Speaks for itself.
Meanwhile, if you still care, I reviewed SALT:
The crux of the entire thing is that we don’t know what’s going on inside our main character’s head, which makes her impossible to identify with or relate to. This can work if the folks opposing her are compelling and identifiable, but they are neither: Chiwetel Ejiofor turns in an uncharacteristically generic and lazy performance as the skeptical Peabody, while Schreiber only serves to remind us that he was in a more official Manchurian Candidate remake.

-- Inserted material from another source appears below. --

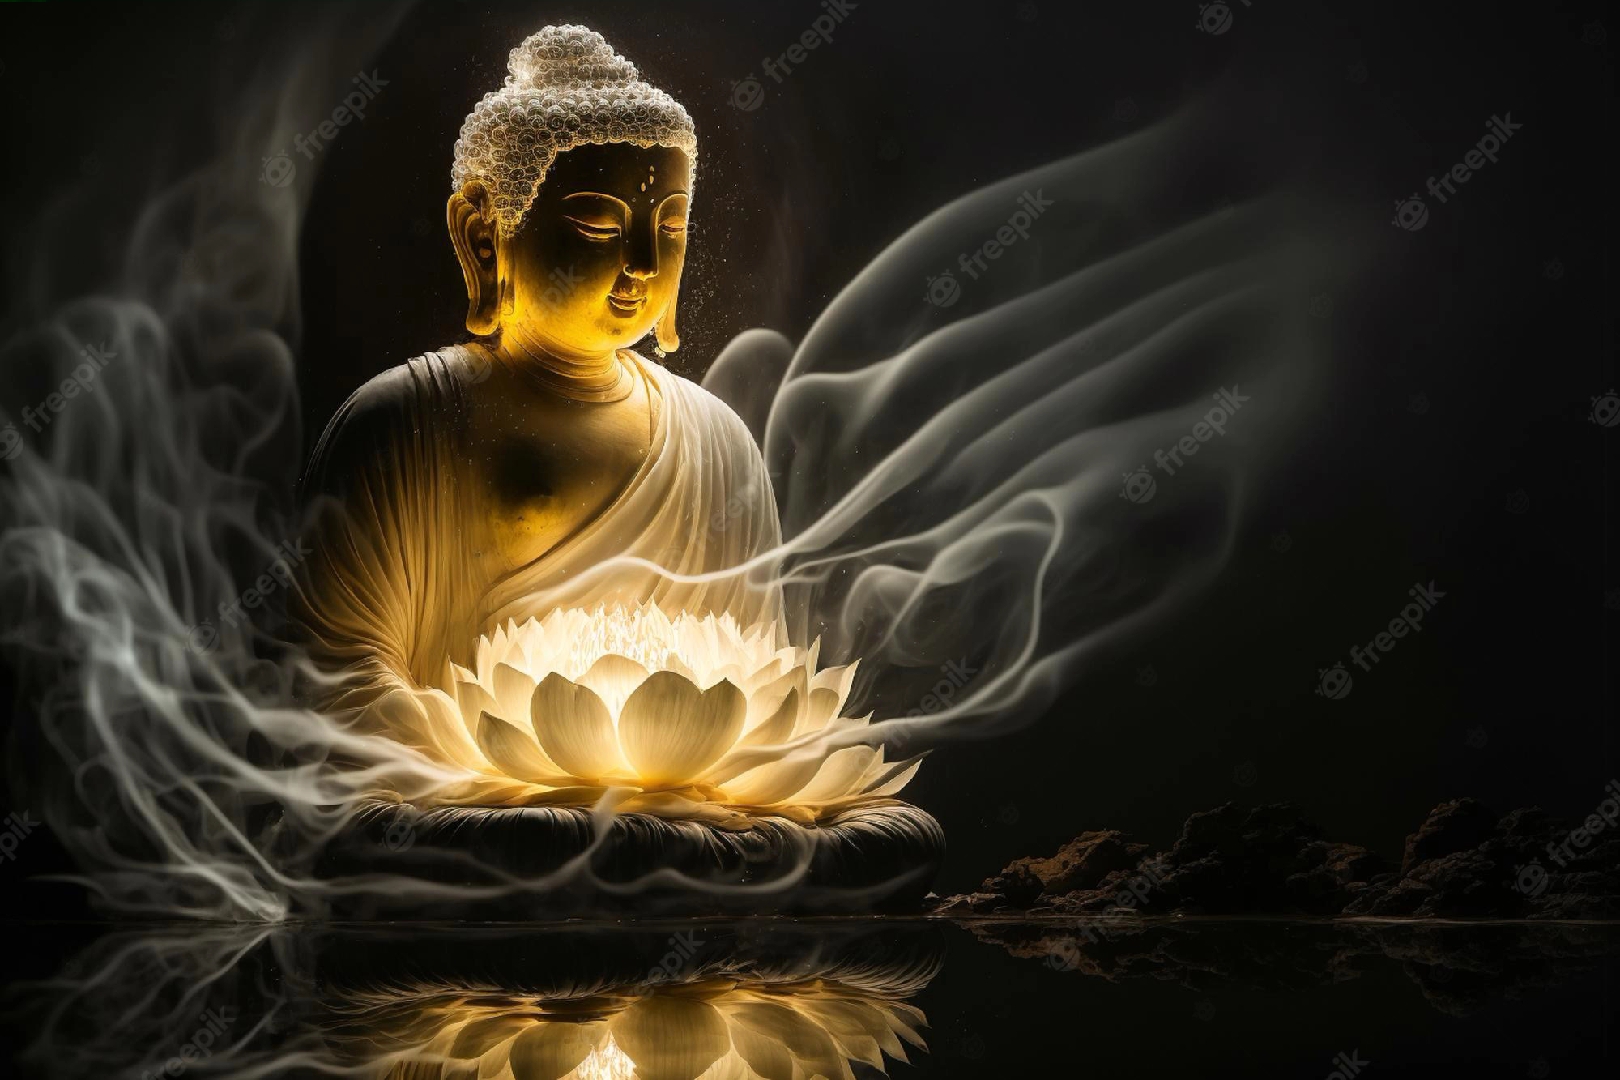 Hình nền Phật cho iPhone, giúp tâm trí của mọi người luôn được an yên

More fun than that was LIFE DURING WARTIME:
There is, however, more going on here than just dirty humor. The complete recasting of every major player gives a unique cinematic shorthand for the ways in which people change over the course of a decade…and in more ways than one might realize at first. Coming out of the movie, for example, I was convinced that Allison Janney’s Trish Jordan and Michael Lerner’s Harvey Wiener were the only major characters not to be recast, as a way of showing that these individuals had not moved on sufficiently with their lives. Then I went to imdb, and I was completely wrong: Cynthia Stevenson had originally played Trish, with Bill Buell the first Harvey. Already, and possibly without even trying, the movie has taught me a quick lesson in questioning memory and perception.







I had no idea Taco Bell was serving carnitas. I’ll have to give it a try. I mean, shit, Batman gave it a 7!